*** SOURCE DATA

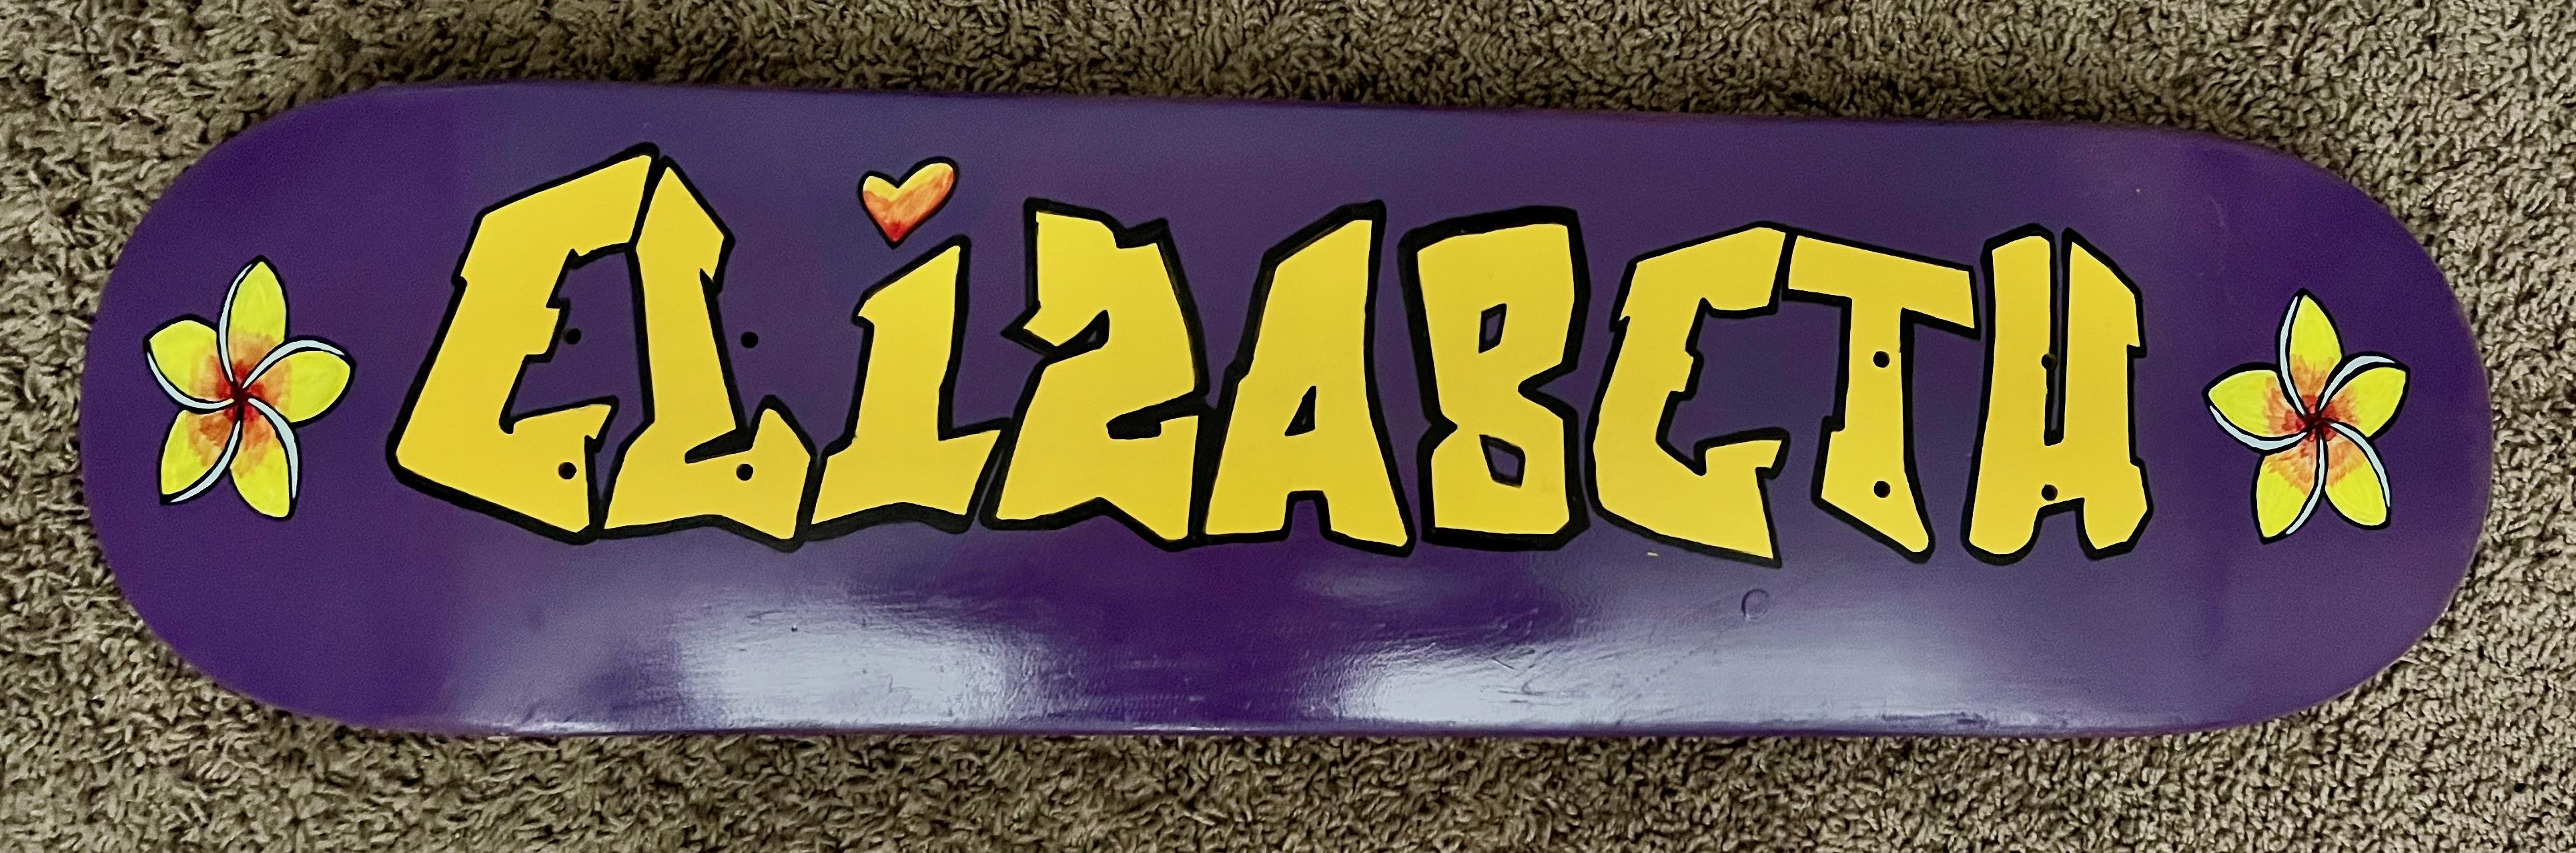 A photo of a skateboard deck with the name Elizabeth hand painted on it.
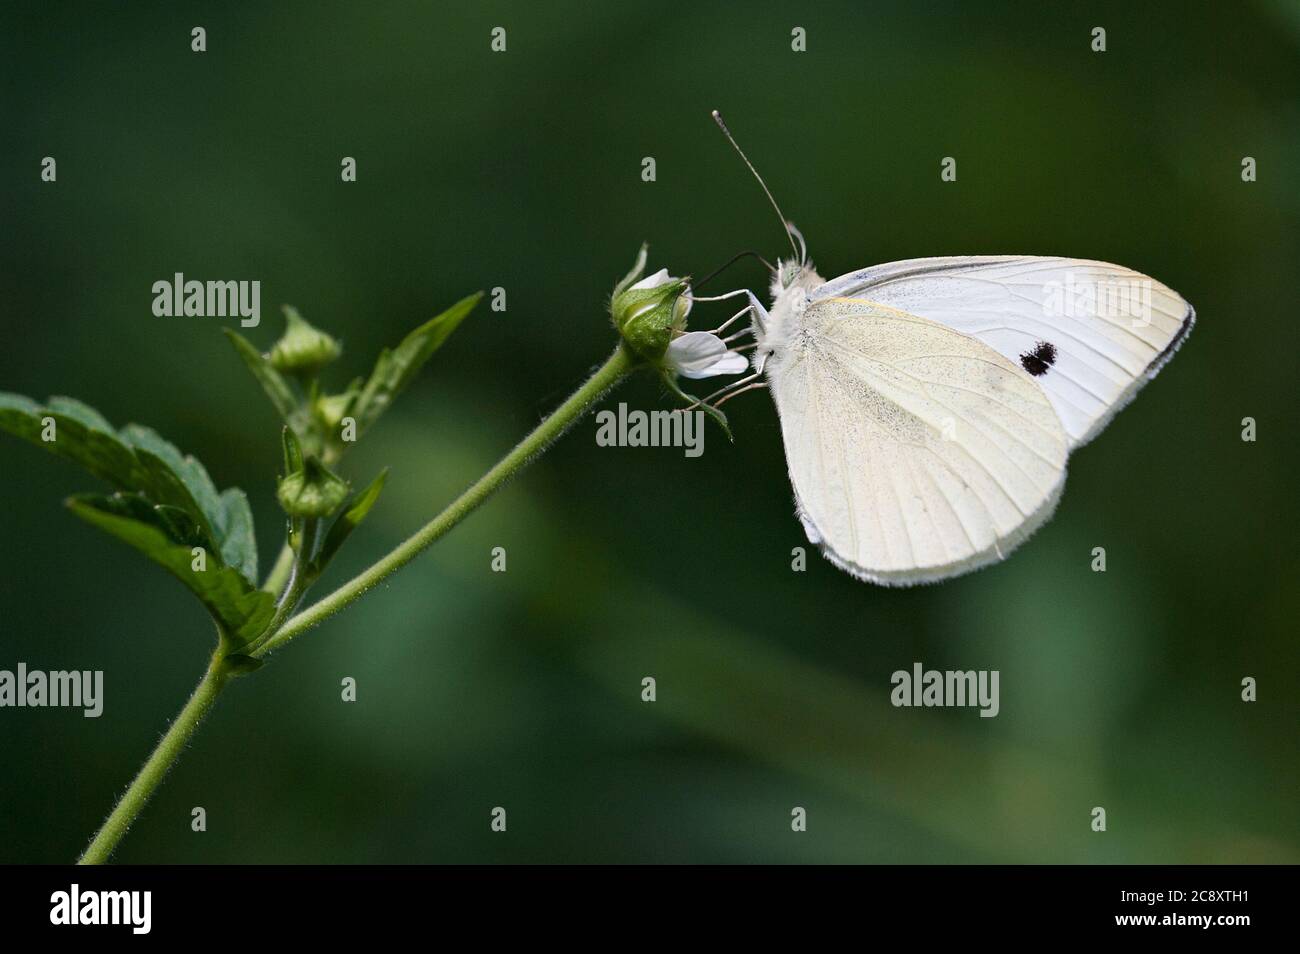 Cabbage white butterfly Stock Photo
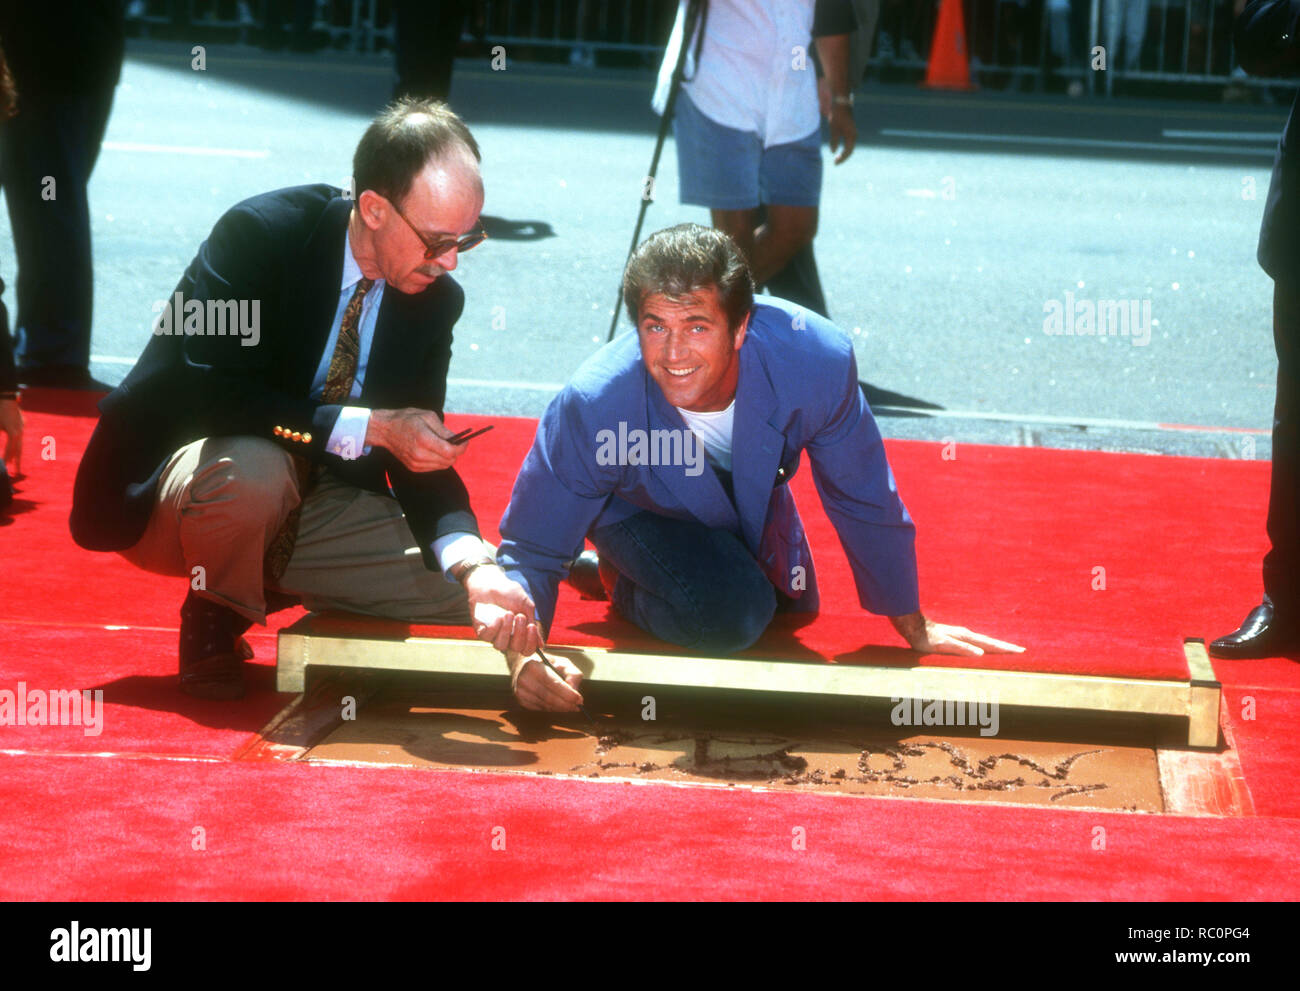 HOLLYWOOD, CA - AUGUST 23: Actor Mel Gibson places his hand and foot prints in cement on August 23, 1993 at Mann's Chinese Theatre in Hollywood, California. Photo by Barry King/Alamy Stock Photo Stock Photo
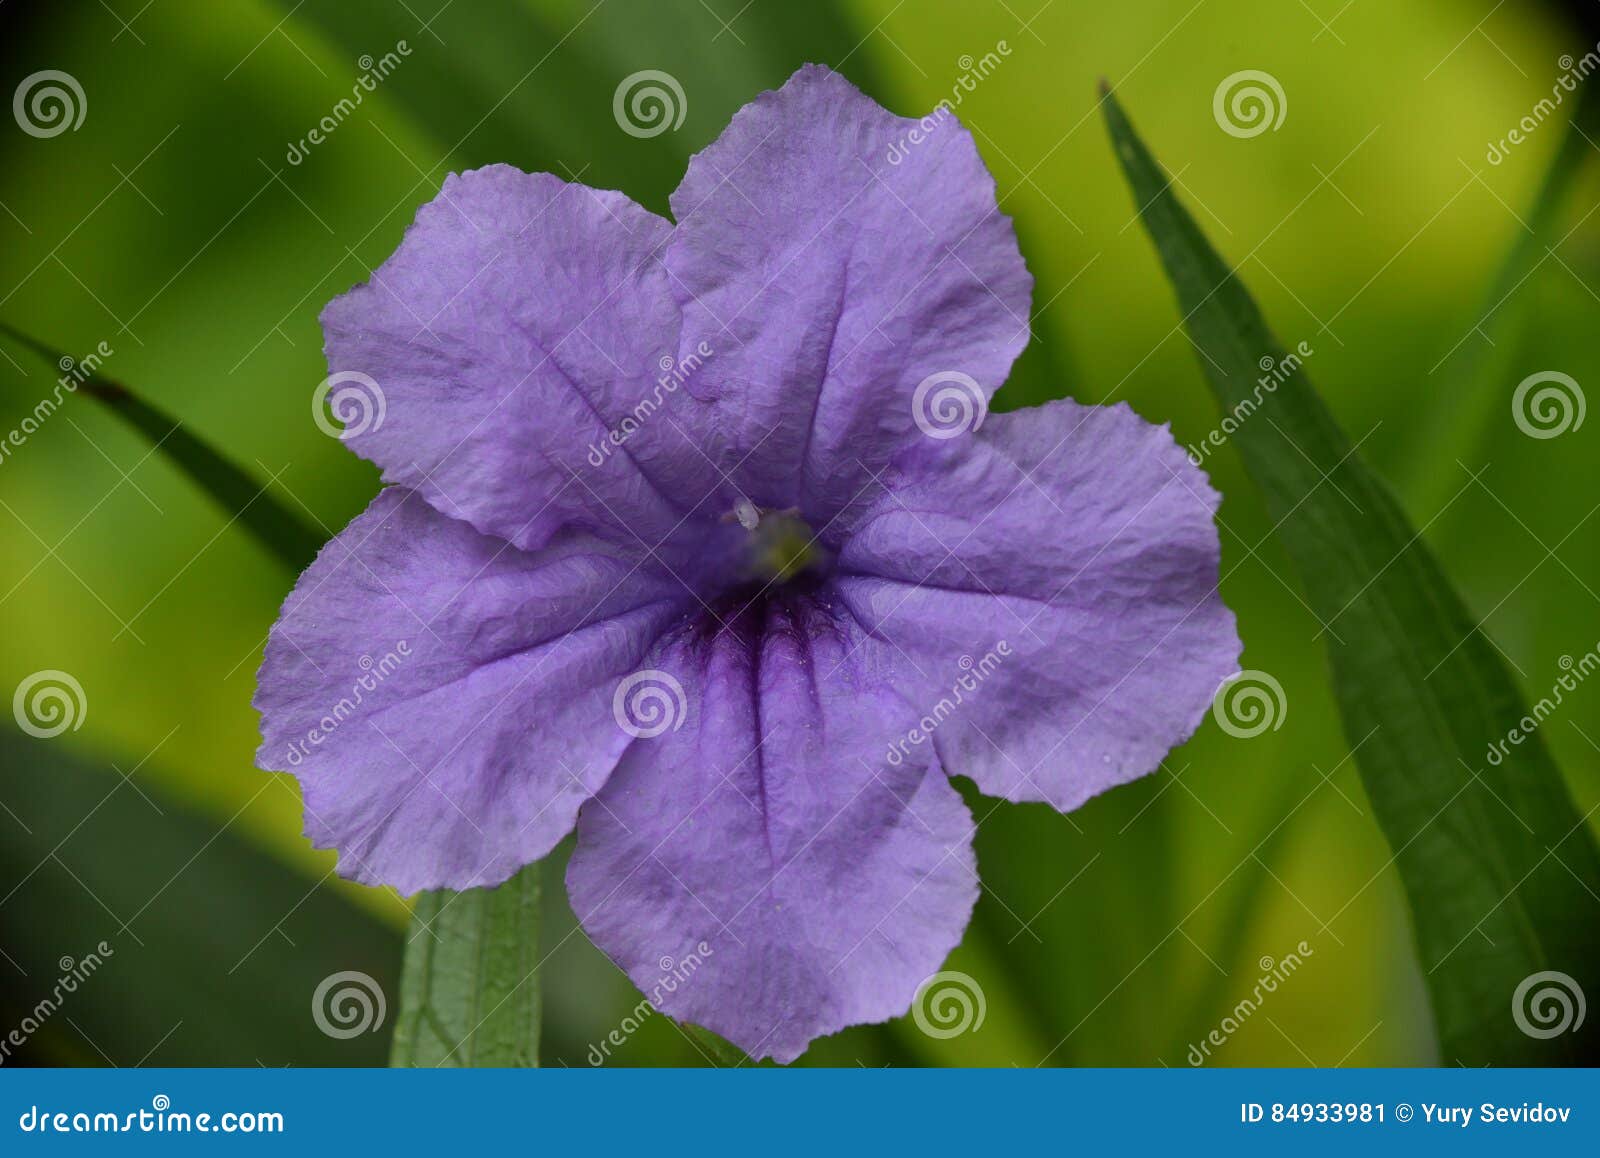 Tropical Flowers In Bali Indonesia Stock Image Image Of Bali Flowers 84933981

******

_WHAT IS BEING ASKED:_ Transcribe exactly, and without any pictures, each line from the one that holds "Cabbage white butterfly Stock Photo" through the final line of the material above.

_EXPECTED OUTPUT:_
 Cabbage white butterfly Stock Photo
 HOLLYWOOD, CA - AUGUST 23: Actor Mel Gibson places his hand and foot prints in cement on August 23, 1993 at Mann's Chinese Theatre in Hollywood, California. Photo by Barry King/Alamy Stock Photo Stock Photo
 Tropical Flowers In Bali Indonesia Stock Image Image Of Bali Flowers 84933981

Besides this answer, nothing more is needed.